Angela not only aims to get people moving on an individual level, her business is a movement in itself. Whether she is inspiring teamwork or holding charity events, she has found great things can be achieved when people come together for a common goal.

"We have witnessed many clients achieve what they thought was impossible and the outcomes associated are so good that at times they are hard to believe," Angela says. "Improved fitness has so many other benefits in all aspects of people's lives, such as improved emotional state, reduced stress, positive state of mind, increased energy and wellbeing.

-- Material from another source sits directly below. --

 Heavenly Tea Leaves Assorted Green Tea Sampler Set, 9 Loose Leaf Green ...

"It also creates communities of like-minded people who care about making a positive impact in their own community. Through fitness, Savvy has managed to raise more than $400,000 donated to varied local charities and causes."

A balancing act

A workout video posted online, and an aim to create a sense of empowerment among women is where it all started for Tanya Poppett. Now, with a following of more than 352,000 people on Instagram, the energy-filled fitness guru is a daily source of motivation and inspiration for people around the world. Her posts, including new ways to exercise and words of encouragement, have received a reaction she never could have dreamt of.

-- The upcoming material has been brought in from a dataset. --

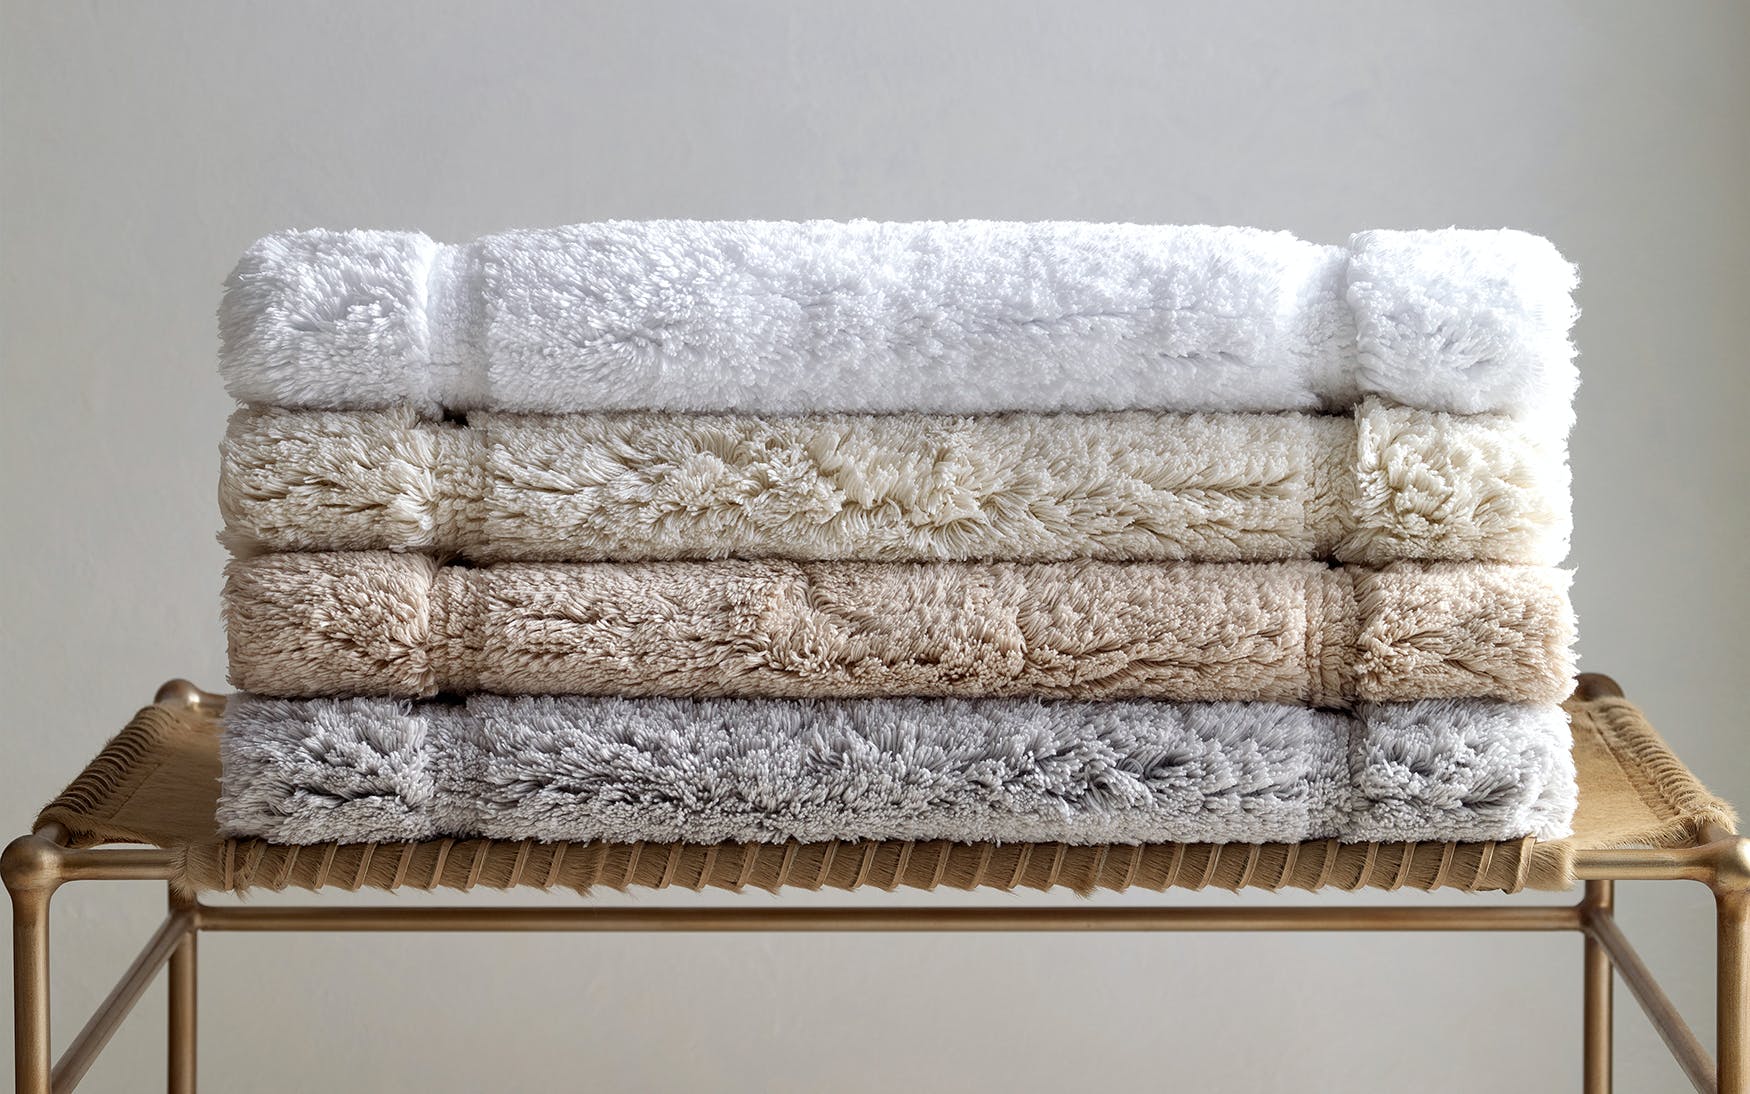 Auberge Hand Towel 20 X 32 (4 pcs) - Jabbour Linens

"It all started with me posting short workout clips which people really responded to," Tanya says. "It grew well beyond my expectation and I have had to learn a lot of what I know about social media along way. I suppose the biggest barrier has been juggling my platform alongside my other passions - teaching and training."


A post shared by Tanya Poppett (@tanyapoppett) on

Tanya, who studied a Bachelor of Primary Education at UOW, ultimately says her business is about balance. As she manages her work, her passions and her fitness, creating balance is an act she has learnt to master.

"I job-share teaching twice a week and work as a trainer on my other days: working with my own clients, contracting with brands and creating content for my 'Train with Tanya' workout app," she says. "My main goal is to encourage women to use exercise as empowerment rather than punishment; taking the ideals away from burning calories, having defined abs or looking a certain way and moving towards fitness for function, resilience and overall health."

Tanya's passion to influence and motivate other women originated with the women in her own family. Her mother and eldest sister were both trainers who she says she was inspired by.

"Health and fitness is something I've been passionate about for a big part of my life," she says. "I first started my account as a way to show some friends who were struggling with balance little ways they can add some healthy aspects to their lifestyle. From there it grew and I saw that my little workout clips were actually helping people all around the world."